Discuss the pros and cons of at least seven modalities.

Concept 5: Data-informed assessments of trainee competence

In the era of CBME, you are asking faculty members to help you gather evidence of performance for trainees throughout their rotations. What considerations are important when collecting such data?
What is a competence committee and how does it work?
What are learning analytics? How do they relate to a trainee's learning?

Concept 6: Remediation

What are the most common reasons for a learner being in difficulty? How can we be proactive in our support of trainees’ learning?
What is the difference between an ‘enhanced learning plan’, ‘remediation’, and ‘probation’?
What should trigger a trainee to undergo ‘remediation’?
How do you set up a remediation plan?
How should learners be supported during remediation?

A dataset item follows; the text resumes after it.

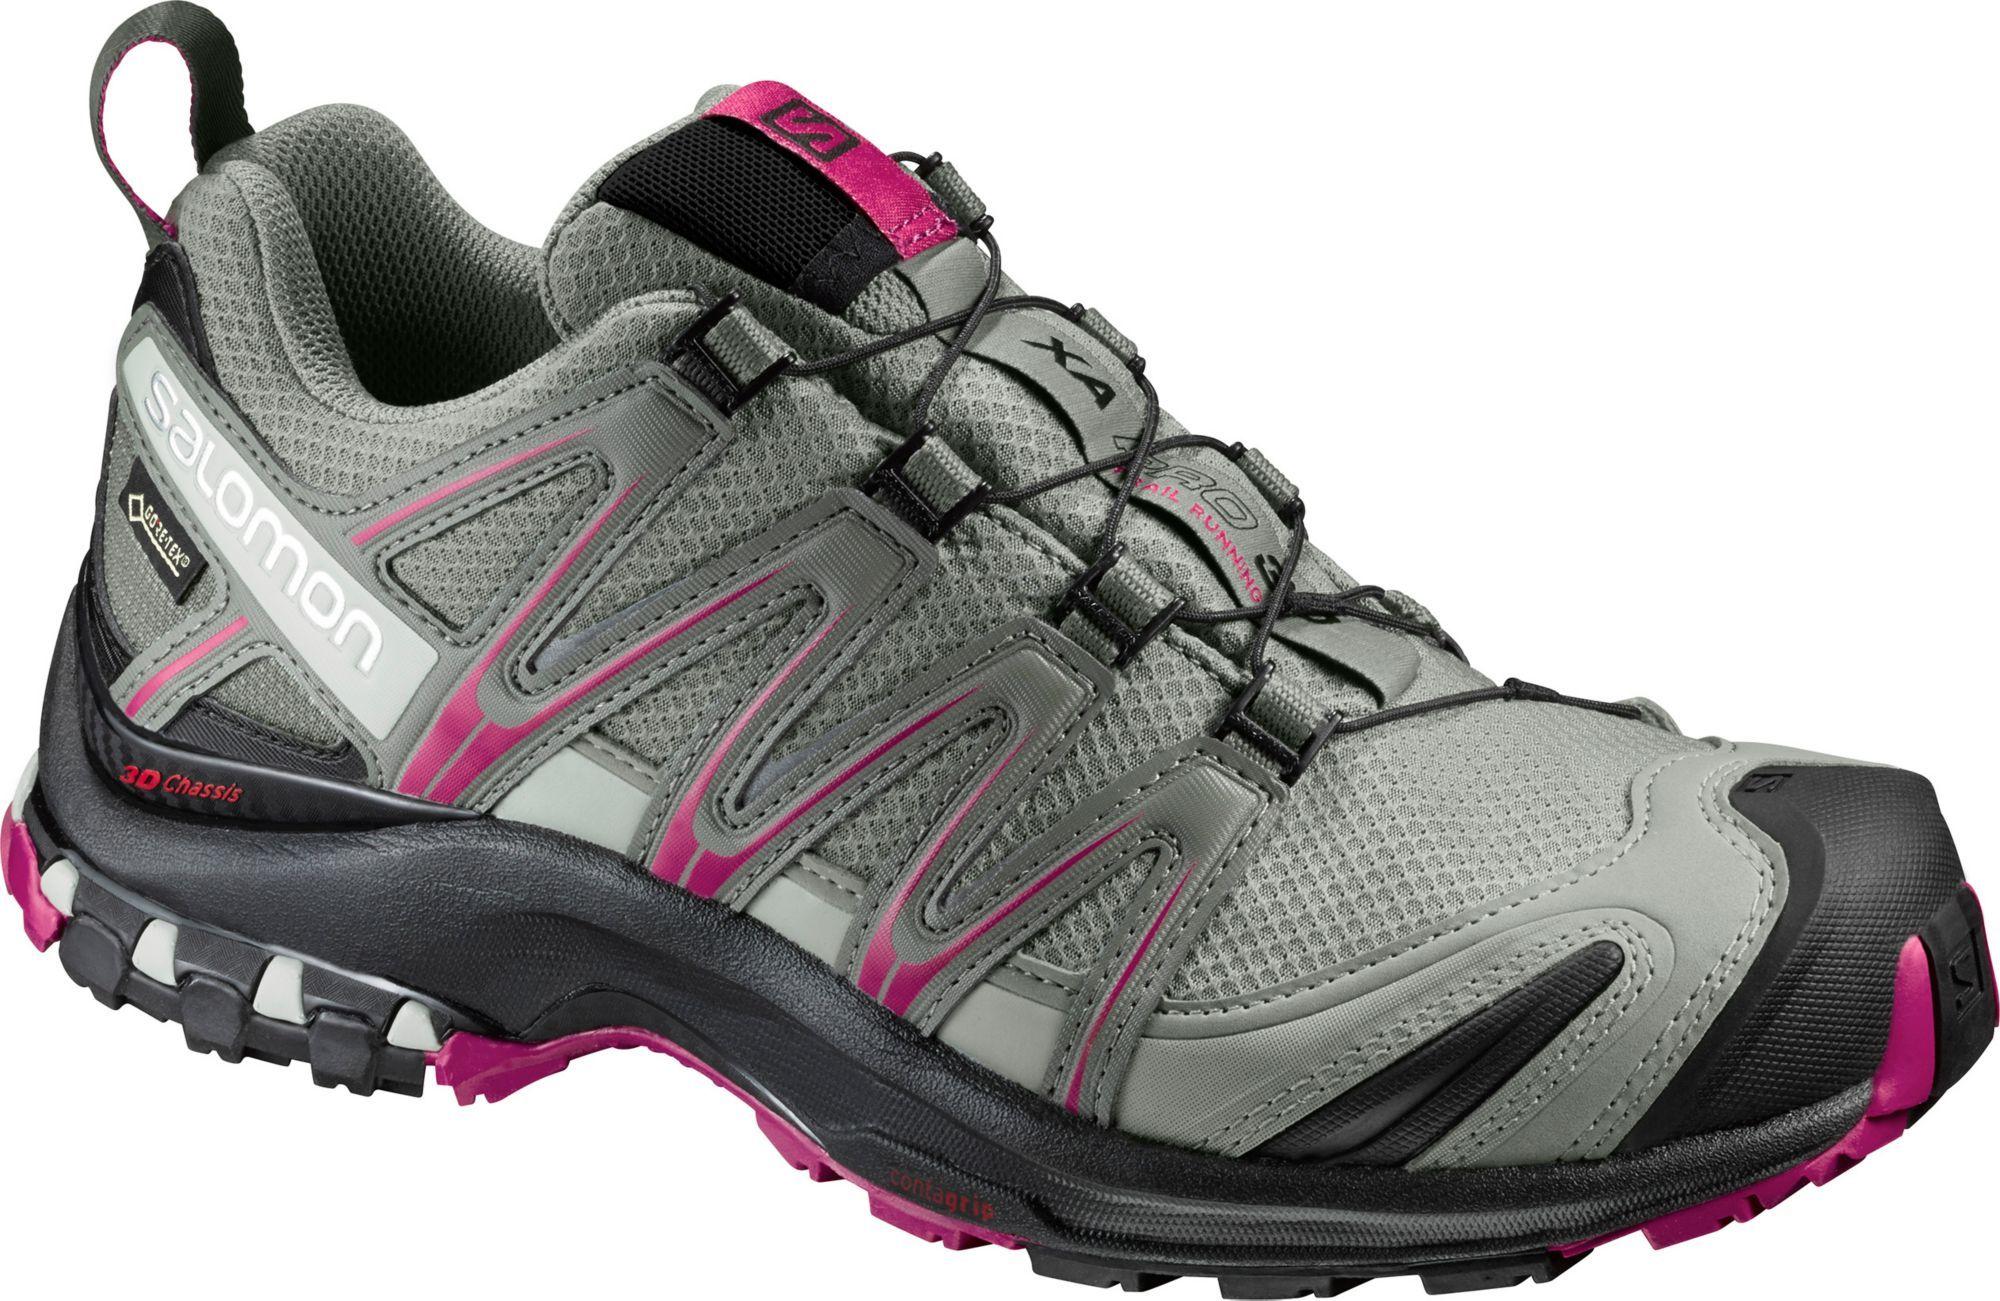 Salomon Women's XA Pro 3D GTX Waterproof Hiking Shoes, Size

Sessions 1 & 2 (aka Meeting 1) – Concepts 1 & 2 – pre-learning materials:

Video:

Van der Vleuten CPM. Programmatic assessment. https://youtu.be/qpkk512krNc

Readings:

Schuwirth LWT, van der Vleuten CPM. A history of assessment in medical education. Advances in Health Sciences Education. 2020;25(5):1045-1056.
Schuwirth LWT, van der Vleuten CPM. General overview of the theories used in assessment: AMEE guide no. 57 Med Teach. 2011;33(10):783-797.
Schuwirth LWT, van der Vleuten CPM. Programmatic assessment: from assessment of learning to assessment for learning. Med Teach. 2011;33(6):478-485.
Van der Vleuten CPM, Schuwirth LWT. Assessing professional competence: from methods to programmes. Medical Education. 2005;39(3):309-317. (Link)
Schuwirth LWT, van der Vleuten CPM, Durning SJ. What programmatic assessment in medical education can learn from healthcare. Perspectives on Medical Education. 2017 Aug 1;6(4):21. (Link)
Gruppen LD, ten Cate O, Lingard LA, Teunissen PW, Kogan JR. Enhanced requirements for assessment in a competency-based, time-variable medical education system. Academic Medicine. 2018 Mar 1;93(3S):S17-S21. (Link)

Sessions 3 & 4 (aka Meeting 2) – Concepts 3 & 4, pre-learning materials:

Video:

Patocka C. Demystifying validity frameworks. February 2023 T-TIME presentation (https://medicine.usask.ca/facultydev/clinician-educator-base/past-t-time-presentations.php)

Readings:

Schuwirth LWT, van der Vleuten CPM. Programmatic assessment and Kane’s validity perspective. Medical Education. 2012 Jan;46(1):38-48. (Link)
van der Vleuten CPM, Sluijsmans D, Joosten-ten Brinke D. Competence assessment as learner support in education. In: Mulder M, ed. Competence-based Vocational and Professional Education. Springer; 2017: 607-630. (Link)
Hall A, Chaplin T, McColl T, et al. Harnessing the power of simulation for assessment: consensus recommendations for the use of simulation-based assessment in emergency medicine. 2020 Mar;22(2):194-203. Doi10.1017/cem2019.499. https://pubmed.ncbi.nlm.nih.gov/32209155/
Wass V, van der Vleuten C, Shatzer J, Jones R. Assessment of clinical competence. The Lancet. 2001 Mar 24;357(9260):945-949. (Link)
Ginsburg S, van der Vleuten CPM, Eva KW, Lingard L. Cracking the code: residents’ interpretations of written assessment comments. Medical Education. 2017 Apr;51(4):401-410. (Link)
Sebok-Syer SS, Klinger DA, Sherbino J, Chan TM. Mixed messages or miscommunication? Investigating the relationship between assessors’ workplace-based assessment scores and written comments. Academic Medicine. 2017 Dec 1;92(12):1774-1779. (Link)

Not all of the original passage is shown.